Por isso que, nas palavras do eminente Ministro JORGE MUSSI, Se a denúncia é natimorta, preferível que se passe desde logo o competente atestado de óbito, porque não há lugar maior para o extravasamento dos ódios e dos rancores do que a deflagração de uma "actio poenalis" contra pessoa reconhecidamente inocente ( HC 325.713/SP, Rel. Ministro Jorge Mussi, Quinta Turma, DJe 20/9/2017).

Feitas essas ponderações, passo ao exame do caso concreto. A peça acusatória informa que, nos meses de novembro e dezembro de 2015, os denunciados deixaram de recolher ICMS relativo a mercadorias sujeitas a retenção de imposto, cobrando o tributo do contribuinte, mas não repassando ao fisco estadual dentro do prazo assinalado em lei.

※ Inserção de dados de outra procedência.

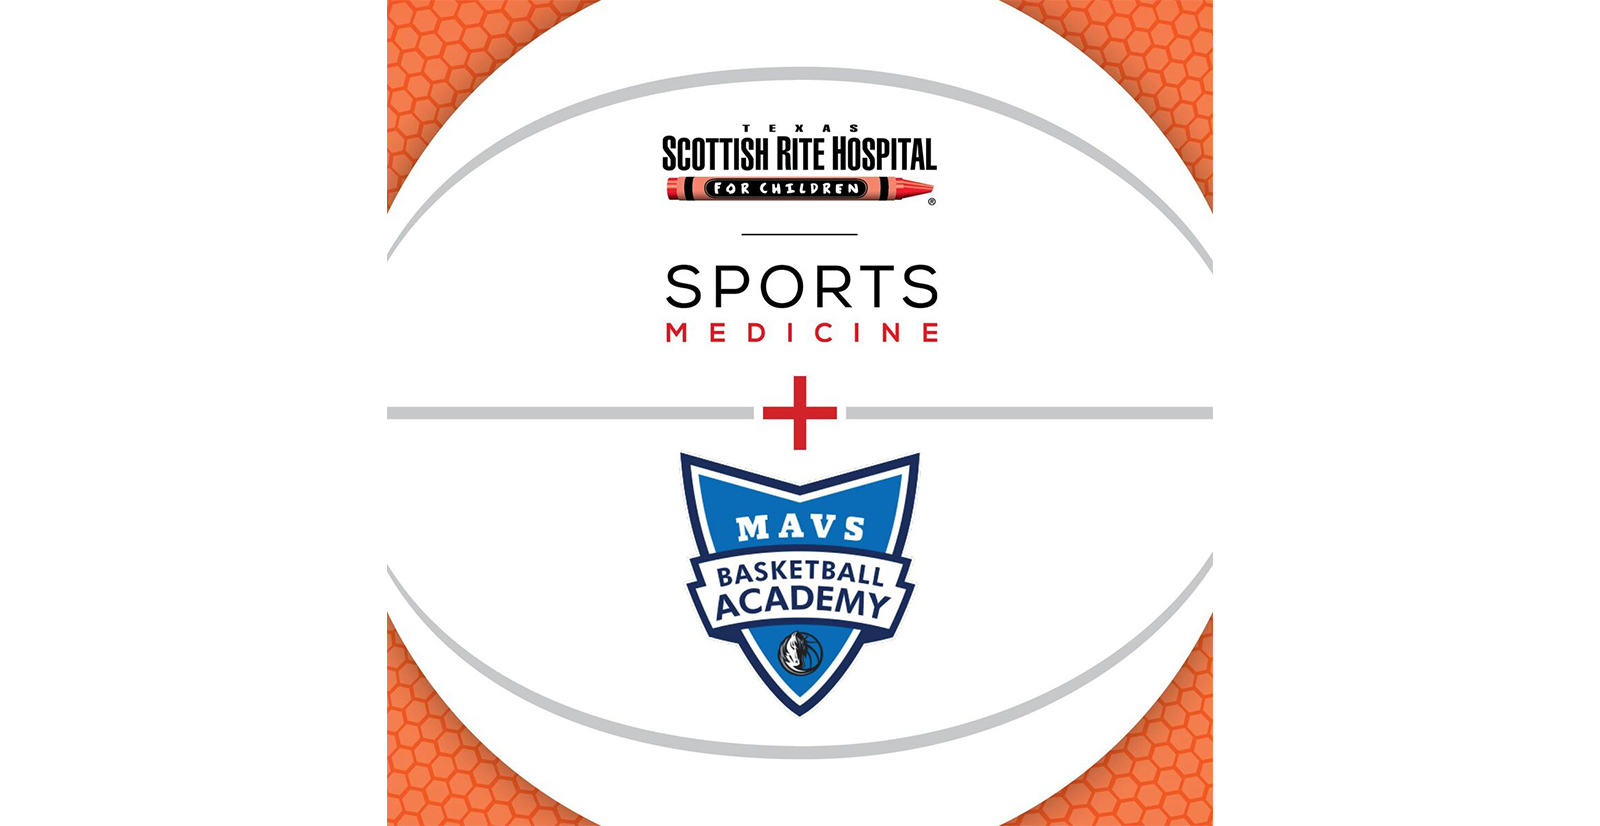 Sports Medicine logo plus the Mavs Basketball Academy logo

De acordo com a defesa, a denúncia não individualiza as supostas ações delituosas praticadas pelo recorrente, limitando-se a atribuir-lhe responsabilidade criminal em razão de ser ele o responsável pela administração da empresa sonegadora, o que caracteriza responsabilização objetiva e inviabiliza o exercício das garantias constitucionais do contraditório e da ampla defesa.

Sobre esse tema, embora o Tribunal de origem tenha afirmado que a peça inaugural atende aos requisitos do art. 41 do Código de Processo Penal, não é possível extrair, de sua leitura, fatos ou condutas praticadas pelo recorrente que permitam concluir pela prática de ações ou omissões dolosas que tenham sido relevantes para a produção do resultado lesivo indicado na denúncia.

Destaco que, não obstante compreender-se que a denúncia não passa de uma proposta de demonstração da prática de fato típico e antijurídico imputado a pessoa determinada, não lhe sendo exigida provas exaurientes de que os fatos ocorreram tal como ela narra, não se pode admitir a propositura de ação penal sem que haja a mínima indicação das condutas delitivas perpetradas, de modo a permitir que a defesa escolha as estratégias que julgar adequadas para infirmar a narrativa acusatória.

De fato, a acusação deve conter a descrição dos fatos supostamente criminosos com suas circunstâncias e a imputação plausível de sua autoria, não sendo a ocasião de se individualizar as condutas dos acusados a nível de pormenores. Entretanto, não se pode admitir narrativas que não apontem, minimamente, a prática de ações ou omissões relevantes para os atos delituosos.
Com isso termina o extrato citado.